The near ubiquity of rhomboid family proteins among bacteria, archaea and eukaryotes, along with the remarkable functional conservation, suggest that a signaling mechanism mediated by rhomboids might have functioned already in the last common ancestor of all extant life forms, with subsequent loss in several lineages. To address this possibility, we performed a detailed phylogenetic analysis of the rhomboid family.

Results and Discussion

Sequence and structural features and phyletic distribution and of the rhomboid family

Although the sequence similarity between eukaryotic and prokaryotic rhomboid family proteins is relatively low (at the level of 15-10% identity in the conserved region), the entire superfamily could be retrieved from the protein sequence databases within three iterations of the PSI-BLAST program with a high statistical significance and without any false positives. The conserved core of the rhomboid family consists of six conserved TMH (Fig. 1). The predicted catalytic serine is located in TMH5, whereas the predicted catalytic histidine is in TMH7; TMH3 contains two additional histidines and an asparagine, which are conserved in the great majority of the rhomboid family proteins (Fig. 1). The roles of these conserved residues are not known, but, given the remarkable evolutionary conservation, it seems likely that they also contribute to catalysis; indeed, it has been shown that the conserved asparagines is required for the cleavage of Spitz by RHO.

Figure 1
figure 1

Multiple alignment of the conserved core of the rhomboid family proteins. The alignment includes the majority of the detected rhomboid family proteins; some closely related sequences were omitted. Only the six conserved (predicted) transmembrane helices and short surrounding regions are shown.
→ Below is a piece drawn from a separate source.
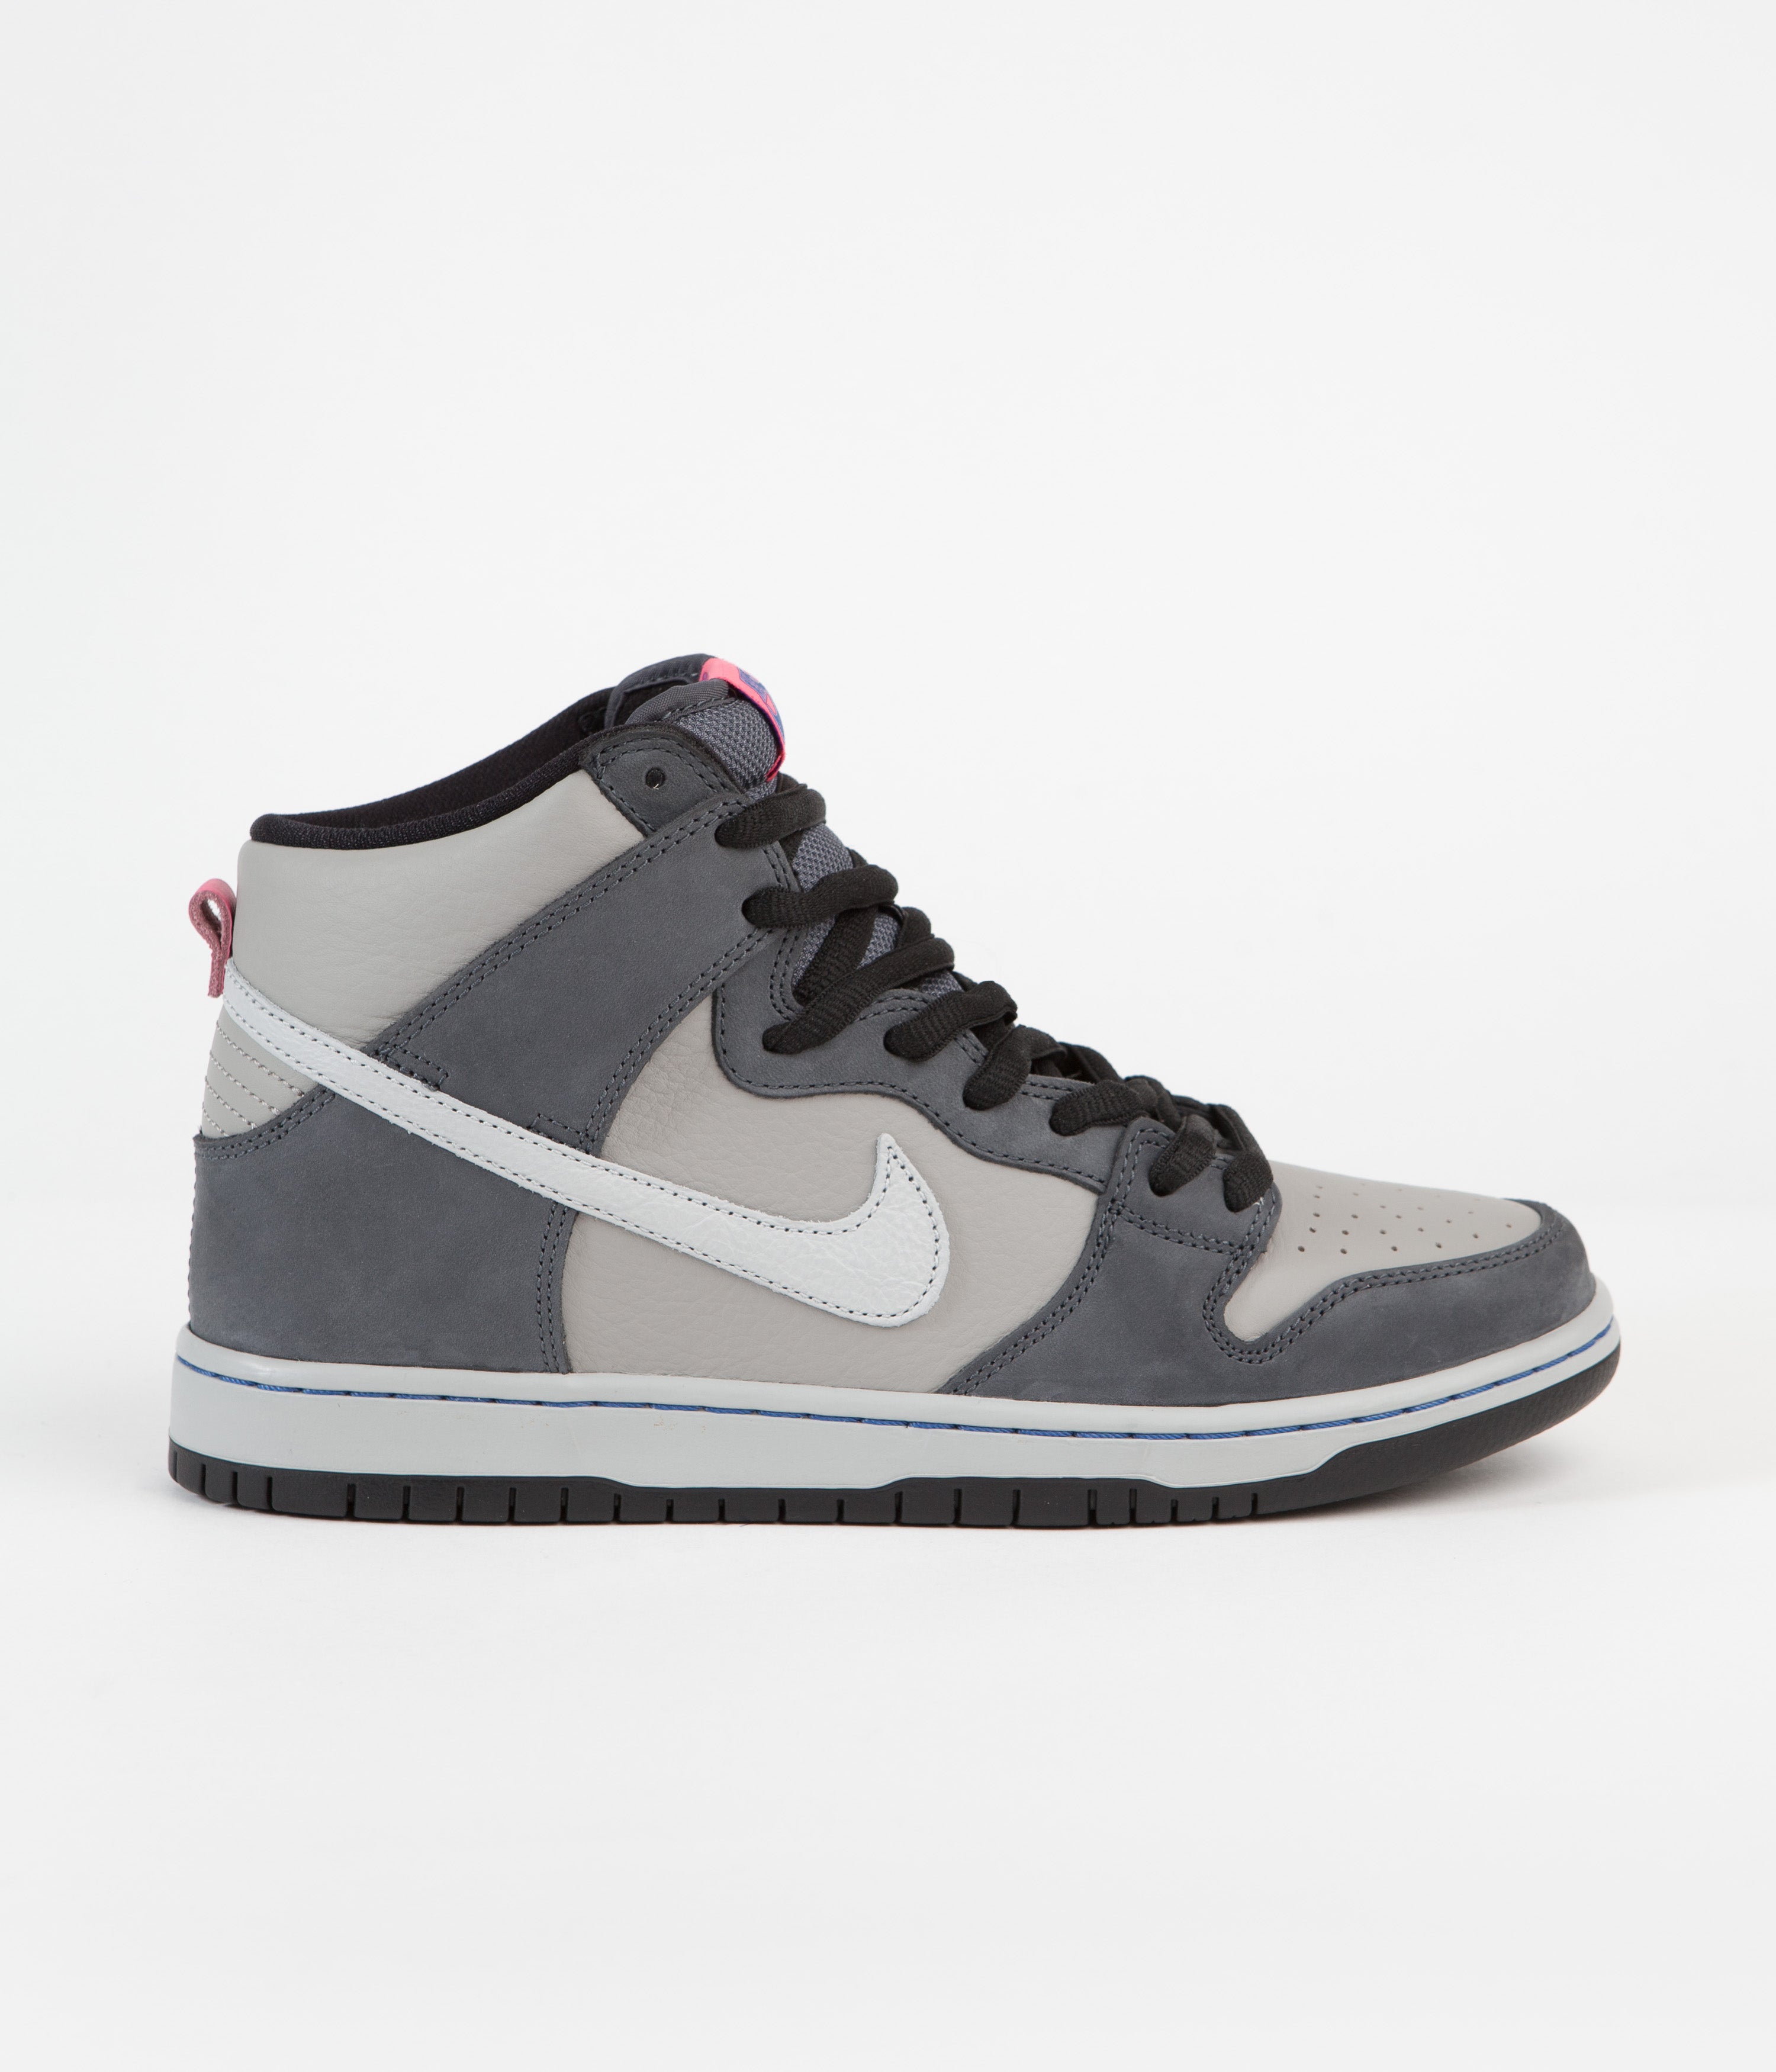 Nike SB Dunk High Pro 'ACG Superdome' Shoes - Flint Grey / Grey Fog ...

The boundaries of the predicted TMH are indicated by shading and overline and the TMH are numbered 1-6. The number of amino acid residues in the omitted terminal and internal regions are indicated. The consensus shows amino acid residues present in at least 90% of the aligned sequences; h stands for hydrophobic residues (A,C,I,L,V,M,F,Y,W) and s for small residues (G,A,S,D,N,V). The proposed catalytic serine (TMH4) and histidine (TMH6) as well as conserved residues in TMH3 with possible ancillary roles in catalysis are highlighted with color. The proteins are identified with the gene identification (GI) number from the non-redundant database and an abbreviated species name. Bacterial species are color-coded green, eukaryotic species blue and archaeal species orange. Species name abbreviations: Aerpe, Aeropyrum pernix, Agrtu, Agrobacterium tumefaciens, Anoga, Anopheles gambiae, Arath, Arabidopsis thaliana; Arcfu, Archaeoglobus fulgidus, Bacsu, Bacillus subtilis. Brume, Brucella melitensis, Caeel, Caenorhabdtitis elegans, Caucr, Caulobacter crescentus, Chlte, Chlorobium tepidum, Cloac, Clostridium acetobutilicum. Corgl, Corynebacterium glutamicum, Deira, Deinococcus radiodurans, Dicdi, Dictyostelium discoideum. Drome, Drosophila melanogaster, Escco, Escherichia coli, Haein, Haemophilus influenzae, Halsp, Halobacterium sp., Homsa, Homo sapiens, Lacla, Lactococcus lactis, Lisin, Listeria innocua, Metja, Methanoccocus jannaschii, Metka, Methanopyrus kandleri, Metma, Methanosarcina mazei, Meslo, Mesorhisobium loti, Mycle, Mycobacterium leprae, Myctu, Mycobacterium tuberculosis, Neucr, Neurospora crassa, Nossp, Nostoc sp., Prost, Providencia stuartii, Pyrab, Pyrococcus abyssi, Pyrae, Pyrobaculum aerophilum, Ralso, Ralstonia solanaraceum, Sacce, Saccharomyces cerevisiae, Schpo, Schizosaccharomyces pombe, Sinme, Sinorhisobium meliloti, Strco, Streptomyces coelicolor, Strpn, Streptococcus pneumoniae, Sulso, Sulfolobus solfataricus, Sulto, Sulfolobus tokodaii, Synsp, Synechocystis sp., Theac, Thermoplasma acidophilum, Thema, Thermotoga maritima, Thete, Thermus thermophilus, Vibch, Vibrio cholerae, Xanca, Xanthomonas campestris, Xylfa, Xylella fastidiosa.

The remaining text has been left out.